Conto chinês: viver vale a pena?
Esta é de certa forma a pergunta que o filme argentino Um conto chinês propõe através dos recortes de jornal sobre os absurdos da vida, colecionados pelo protagonista, um homem solitário e esquivo, dominado por uma profunda neurose obsessiva.
A pergunta surge insidiosa desde o momento em que abrimos os olhos de manhã e, aos poucos, o mundo vai se construindo ao nosso redor nos trazendo as memórias boas e ruins do dia anterior e os cenários que se apresentam para o dia que começa;
Se a nossa estrutura for propensa à depressão, a vontade será de continuar dormindo, ou, com muito esforço, capturados pela força do dever, será possível levantar e encarar o novo dia de cara feia, pedindo a Deus que ninguém nos dirija a palavra.
No entanto, se a nossa estrutura psíquica for mais propensa à euforia, levantaremos cheios de entusiasmo, cantando sob o chuveiro, incomodando os depressivos de turno com o nosso bom humor.
A nossa mente, contudo, não trabalha como uma linha reta, ela é passível de altos e baixos que modificam o nosso humor. Uma boa notícia, um encontro inesperado, uma atitude afetuosa da pessoa que amamos pode trazer cor e sabor para o nosso dia. Da mesma forma, para os entusiastas de turno, a leitura do jornal, um evento inesperado, uma fechada no trânsito, uma conta para pagar, podem mudar de repente o cenário e trazer raiva e amargura.
Mas afinal, será que somos todos loucos? Com certeza, todo ser humano vive alternando momentos dominados pelo seu núcleo psicótico e outros pelo seu núcleo neurótico. Certa bipolaridade está inscrita na nossa natureza. Há portanto momentos em que achamos que vale a pena viver e outros em que definitivamente achamos que a vida não vale a pena de ser vivida. Obviamente esta oscilação pode atingir seus extremos e se fixar em um surto maníaco, em que somos dominados por um otimismo onipotente, ou em um surto depressivo, em que somos dominados por pensamentos sombrios de morte.
Tudo isso ainda não responde à pergunta se viver vale a pena.
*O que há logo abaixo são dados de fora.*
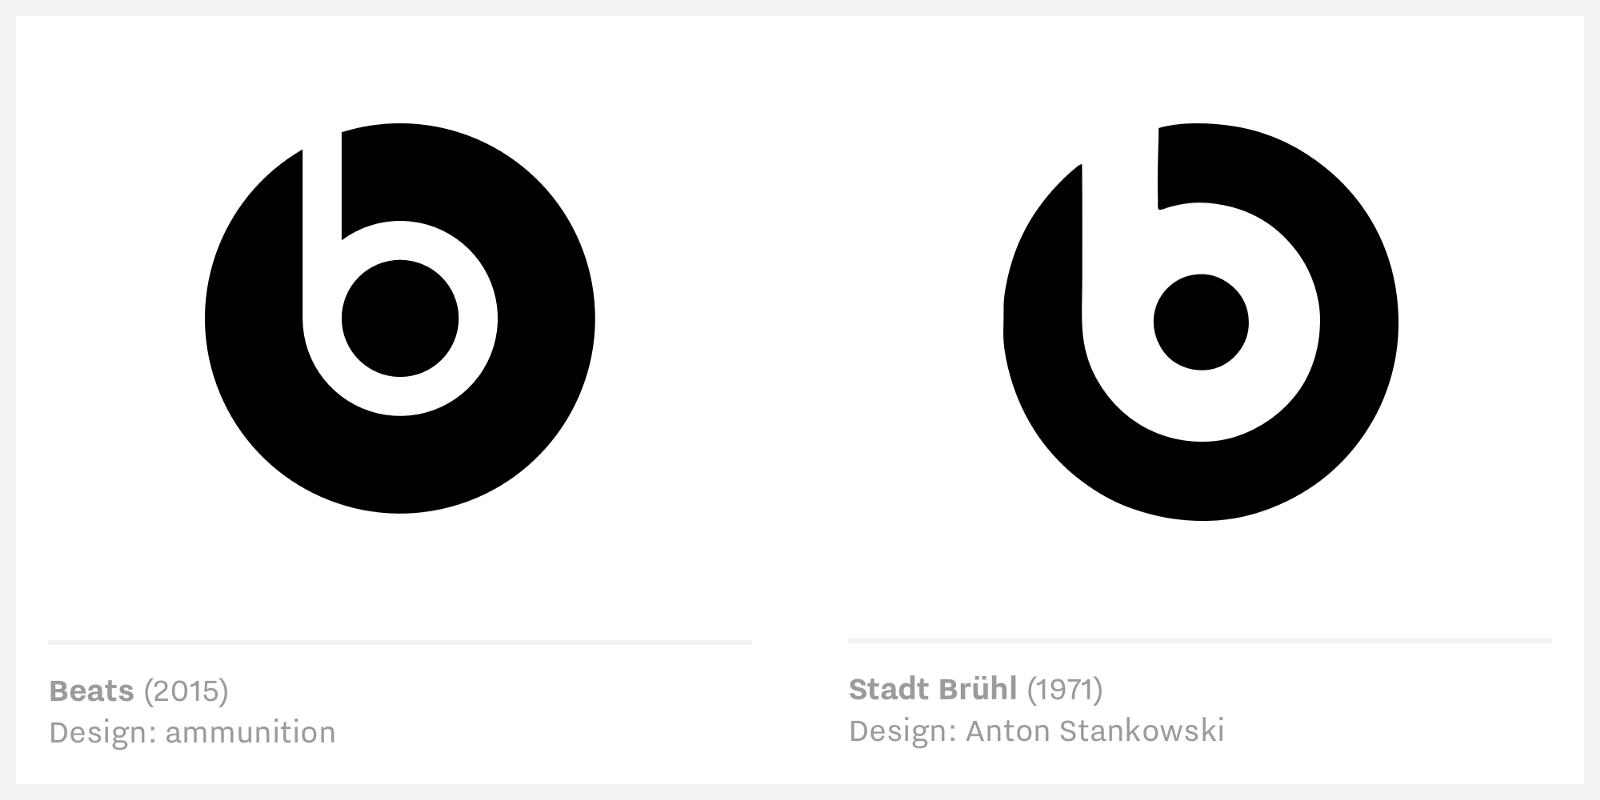 Google Image Result For Https Cdn Images 1 Medium Com Max 1600 1 Mdgkgmxiwn4fgnrvj7wa G Png Logos Popular Logos Logo Concept

A Filosofia buscou por séculos uma resposta a essa questão, chegando a respostas completamente contraditórias. Da mesma forma, as religiões procuram dar um sentido à existência humana e aos seus dramas, à luz de uma transcendência que convoca o ser humano para além dos seus limites e dos seus conflitos.
Do ponto de vista da Psicanálise, não há resposta para essa pergunta, pois ela se debruça sobre o ser humano para constatar que, diante da mesma existência, alguns ficam capturados pela angústia e o desespero, outros se refugiam na fuga maníaca do real, buscando um encapsulamento narcísico que os proteja do mundo e outros ainda conseguem dar um sentido à sua existência e suportar seus desafios e suas contradições.
Conseguir dar um sentido à própria existência não é algo que vem pronto, não há respostas vindas de fora que possam nos convencer de que viver vale a pena. A resposta a essa pergunta só pode ser dada por nós mesmos, a partir da elaboração da nossa experiência da realidade, à luz das exigências do nosso mundo interno. Em última análise a resposta é dada a partir do nosso Eu profundo (Self). Para alguns viver valeu a pena mesmo sendo reclusos em um campo de concentração nazista, como no caso do Pe. Kolbe, ou aprisionados quase que a vida inteira pela fúria da Inquisição, como no caso de S. João da Cruz. Para outros viver se torna insuportável e sem sentido, mesmo sendo rodeados do luxo, do dinheiro e do poder, como no caso de Getúlio Vargas ou de alguns astros do cinema ou da música, que se suicidaram.